A: Geben Sie mikroprismatische Diffusoren an, fordern Sie UGR-Berechnungen für Ihr Raummodell an und überprüfen Sie sie mit der tatsächlichen IES-Photometrie. Vergleichen Sie Werte in der Nähe der Betrachtungswinkel des Arbeitsplatzes.


F3: Warum sehen identische CCT-Panels zwischen den Chargen unterschiedlich aus? 

A: LED-Binning-Toleranzen und Diffusorvariationen können das Erscheinungsbild verändern.

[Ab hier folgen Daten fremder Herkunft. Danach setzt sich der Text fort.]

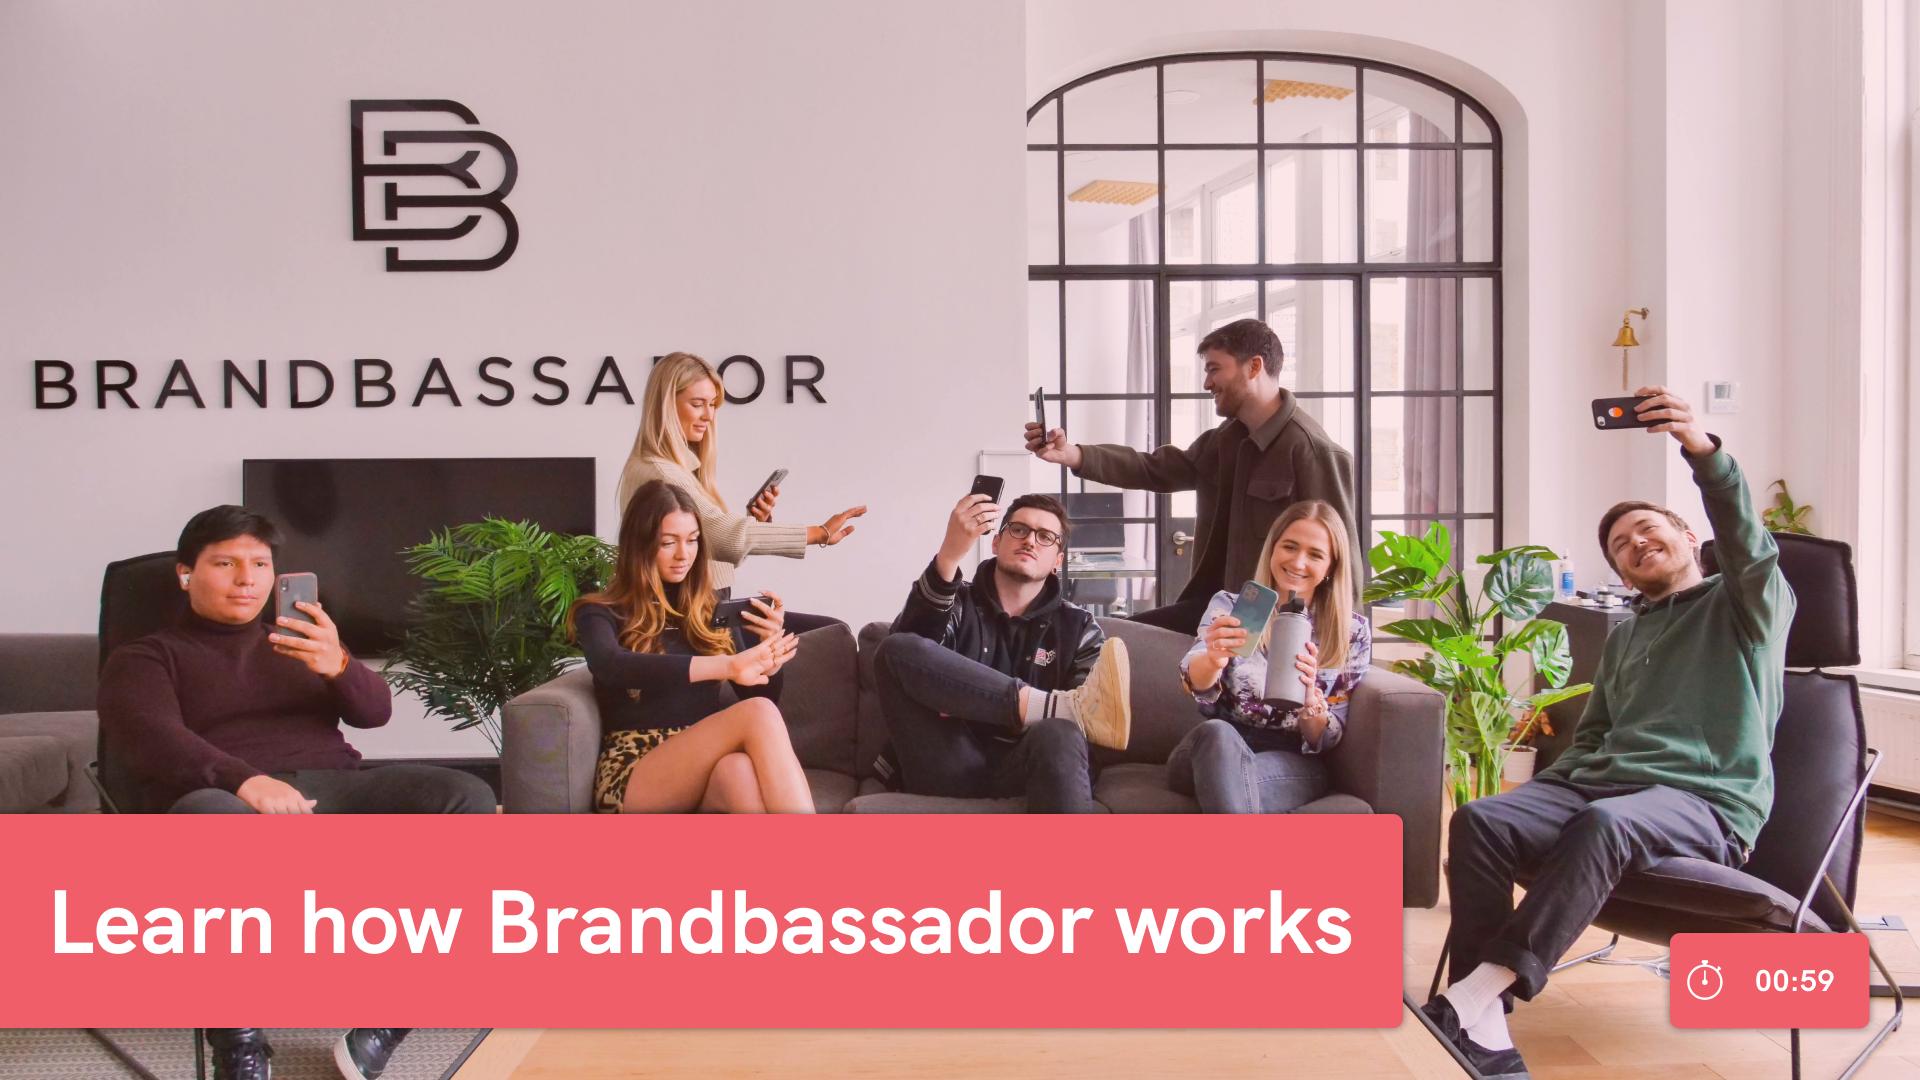 Brandbassador - the Ultimate Ambassador Management Platform for Fast Growing Ecommerce Brands

Fordern Sie strengere Binning- und Diffusor-Spezifikationen an und überprüfen Sie diese anhand von Beispielberichten.


F4: Garantiert eine höhere PF/THD-Spezifikation eine bessere Leistung? 

A: Es verbessert die Stromqualität, aber Sie müssen dennoch das Welligkeits-/Flickerverhalten und die Dimmstabilität Ihrer Steuerungen überprüfen.


F5: Wie kann ich das thermische Design ohne Laborausrüstung überprüfen? 

A: Fordern Sie Teardown-Fotos sowie MCPCB- und TIM-Spezifikationen an und ziehen Sie bei der Eingangskontrolle einfache Infrarotaufnahmen in Betracht, um Hotspots zu erkennen.